For non-coherent networks, there are mainly two kinds of methods essentially. They are subspace codes based on the subspace distance and rank codes based on rank distance. Silva and Kschischang present a seminal idea of subspace codes. They consider, for the completely random network channel resulting from random coefficient operations in the intermediate nodes, the only stable thing is the vector space spanned by the source messages. The subspace distance captures the above essence. Theorem 2 in [4] shows it can correct up to an *error dimension* \( \left\lfloor \frac{D\left(\Omega \right)-1}{4}\right\rfloor \) where *D*(Ω) is the minimum space distance about the space code Ω. Therefore, a subspace code Ω can correct \( \left\lfloor \frac{D\left(\Omega \right)-1}{4}\right\rfloor \) corrupted packets (it is original corrupted packets) at most. It is for that, in the worst case, *t* corrupted packets (it is original corrupted packets) can make 2*t error dimensions*. Therefore, the space code cannot correct more than \( \left\lfloor \frac{D\left(\Omega \right)-1}{4}\right\rfloor \) errors.
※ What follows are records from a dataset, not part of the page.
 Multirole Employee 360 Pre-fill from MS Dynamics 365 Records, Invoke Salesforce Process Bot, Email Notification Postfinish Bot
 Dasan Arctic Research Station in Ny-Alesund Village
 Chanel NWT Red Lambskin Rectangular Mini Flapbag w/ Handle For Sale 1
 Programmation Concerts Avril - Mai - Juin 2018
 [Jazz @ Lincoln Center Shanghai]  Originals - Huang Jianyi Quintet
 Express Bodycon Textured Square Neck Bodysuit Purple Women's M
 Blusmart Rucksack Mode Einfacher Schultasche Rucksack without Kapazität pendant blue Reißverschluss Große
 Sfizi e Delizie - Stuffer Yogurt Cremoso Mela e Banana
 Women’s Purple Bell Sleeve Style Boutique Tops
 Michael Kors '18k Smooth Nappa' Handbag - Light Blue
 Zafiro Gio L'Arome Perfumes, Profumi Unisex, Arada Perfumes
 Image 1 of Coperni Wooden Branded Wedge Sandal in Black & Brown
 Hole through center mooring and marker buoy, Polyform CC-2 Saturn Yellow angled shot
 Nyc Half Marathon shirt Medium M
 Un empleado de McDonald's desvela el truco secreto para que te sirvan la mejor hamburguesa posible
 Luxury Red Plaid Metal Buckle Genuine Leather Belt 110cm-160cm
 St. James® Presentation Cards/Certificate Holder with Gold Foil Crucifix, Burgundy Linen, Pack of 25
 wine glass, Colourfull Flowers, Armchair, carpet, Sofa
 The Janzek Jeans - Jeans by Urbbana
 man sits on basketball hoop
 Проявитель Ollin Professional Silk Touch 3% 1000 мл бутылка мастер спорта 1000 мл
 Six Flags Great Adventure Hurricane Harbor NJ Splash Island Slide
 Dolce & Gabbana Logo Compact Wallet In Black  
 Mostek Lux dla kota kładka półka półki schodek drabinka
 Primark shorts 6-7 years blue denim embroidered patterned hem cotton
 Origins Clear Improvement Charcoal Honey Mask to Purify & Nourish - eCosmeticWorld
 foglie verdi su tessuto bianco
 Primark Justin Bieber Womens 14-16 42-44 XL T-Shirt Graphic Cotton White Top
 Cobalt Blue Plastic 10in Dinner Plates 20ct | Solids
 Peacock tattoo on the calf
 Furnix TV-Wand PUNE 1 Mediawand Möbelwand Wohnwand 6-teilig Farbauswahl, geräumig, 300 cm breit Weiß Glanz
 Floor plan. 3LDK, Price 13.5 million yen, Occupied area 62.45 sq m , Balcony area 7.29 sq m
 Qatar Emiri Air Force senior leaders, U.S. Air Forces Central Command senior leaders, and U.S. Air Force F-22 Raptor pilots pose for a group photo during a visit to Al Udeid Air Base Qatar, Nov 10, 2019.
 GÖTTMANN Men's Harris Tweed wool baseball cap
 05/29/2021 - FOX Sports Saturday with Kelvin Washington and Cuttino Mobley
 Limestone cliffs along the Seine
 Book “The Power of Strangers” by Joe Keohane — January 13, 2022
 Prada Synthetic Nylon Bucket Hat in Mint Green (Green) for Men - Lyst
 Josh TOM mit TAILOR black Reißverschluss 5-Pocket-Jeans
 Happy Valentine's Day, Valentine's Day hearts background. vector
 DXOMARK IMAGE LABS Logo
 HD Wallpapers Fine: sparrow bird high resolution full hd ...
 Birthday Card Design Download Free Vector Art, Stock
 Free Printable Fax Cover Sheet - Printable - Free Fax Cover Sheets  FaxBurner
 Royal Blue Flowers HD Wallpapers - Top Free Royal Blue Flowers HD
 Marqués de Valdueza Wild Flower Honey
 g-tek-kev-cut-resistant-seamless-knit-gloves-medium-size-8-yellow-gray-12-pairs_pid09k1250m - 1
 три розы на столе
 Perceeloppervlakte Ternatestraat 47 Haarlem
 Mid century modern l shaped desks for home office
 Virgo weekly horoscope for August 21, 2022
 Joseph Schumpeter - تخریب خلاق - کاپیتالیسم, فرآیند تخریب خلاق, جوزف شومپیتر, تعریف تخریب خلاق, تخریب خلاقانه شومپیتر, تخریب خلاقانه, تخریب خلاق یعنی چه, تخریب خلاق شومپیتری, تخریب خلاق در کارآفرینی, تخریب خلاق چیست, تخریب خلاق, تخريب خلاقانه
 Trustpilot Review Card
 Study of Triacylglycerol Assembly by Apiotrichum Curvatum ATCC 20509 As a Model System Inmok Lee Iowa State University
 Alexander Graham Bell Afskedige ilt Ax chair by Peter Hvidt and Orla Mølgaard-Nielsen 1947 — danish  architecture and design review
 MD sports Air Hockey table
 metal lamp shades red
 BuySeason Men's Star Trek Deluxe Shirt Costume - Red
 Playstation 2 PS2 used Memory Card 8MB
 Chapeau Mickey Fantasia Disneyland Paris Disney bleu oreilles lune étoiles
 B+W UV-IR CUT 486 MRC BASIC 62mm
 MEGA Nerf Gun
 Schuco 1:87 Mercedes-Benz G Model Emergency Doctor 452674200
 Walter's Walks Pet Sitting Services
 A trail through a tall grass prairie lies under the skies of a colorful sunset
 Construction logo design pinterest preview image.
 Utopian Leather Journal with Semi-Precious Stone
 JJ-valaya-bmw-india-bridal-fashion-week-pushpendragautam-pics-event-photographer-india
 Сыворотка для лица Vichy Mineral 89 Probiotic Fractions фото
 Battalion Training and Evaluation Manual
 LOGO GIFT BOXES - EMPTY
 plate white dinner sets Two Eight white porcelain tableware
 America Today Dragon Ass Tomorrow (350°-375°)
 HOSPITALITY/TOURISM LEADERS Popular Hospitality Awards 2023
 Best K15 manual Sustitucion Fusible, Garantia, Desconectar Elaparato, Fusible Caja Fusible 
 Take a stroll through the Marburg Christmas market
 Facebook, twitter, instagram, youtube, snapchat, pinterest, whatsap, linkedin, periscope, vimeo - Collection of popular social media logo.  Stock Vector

Another approach is the rank code [22]. It can also correct no more than *d*_{min}/2 corrupted packets where *d*_{min} is the minimum rank distance of the rank codes. The maximum value of *d*_{min} is *C*.

After we are aware of the shortcomings about the subspace distance in Silva and Kschischang’s method, [2] combines correcting symbol errors and dimension losses together. Symbol errors are based on the Hamming metric, and dimension losses are based on the subspace distance metrics. However, the effectiveness of this improvement is limited. Skachek et al. [2] points that most of NEC approaches have a limited error-correcting ability. It also shows directly, rather than evading the questions and avoiding them, that the errors in network coding are really very dense. Mahdavifar and Vardy [9] generates Silva and Kschischang code about list decoding. It shows that for any L, the list-L decoder can correct at most \( L-\frac{L^2\left(L+1\right)}{2}R \) errors where *R* is the normalized rate of the code. However, the solutions are not unique and additional redundancy must be send again. Therefore, it is also inefficient. Based on [9, 23], this improves the list model and achieves a much bigger decoding radius \( \frac{C}{k}\hbox{-} 1 \) where *C* is the max flow min cut and *k* is the size of information. Guruswami and Sudan [24] can correct \( C\cdot \left(1-\sqrt{1-\frac{{\mathrm{d}}_{\mathrm{min}}}{C}}\right) \) errors where Hamming distance is adopted instead of subspace distance.

In conclusion, most approaches can correct few errors. However, it is not realistic to assume that, *t*, the number of the original error is less than *C*/2 or \( \left\lfloor \frac{D\left(\Omega \right)-1}{4}\right\rfloor \) (in [16]). The original error usually exceeds *C*/2. Under a fixed BER (bit error rate), the more the links, the more the corrupted packets. The situation will be worse where no link-layer error correction is performed; this kind of network includes sensor networks where the computational power is not sufficiently large. The random errors are more common in reality indeed. Based on the NEC developed from traditional codes, the error-correcting ability cannot go beyond *d*_{min}/2 according to the inexorable law. Even listing decoding is influenced by this law. Though list decoding can correct errors whose number is beyond *d*_{min}/2, the ability of correcting more errors is at the cost that the solution is not unique. It needs the additional information to make the solution unique. The essential reason is that the decoding is performed in the framework of traditional block codes.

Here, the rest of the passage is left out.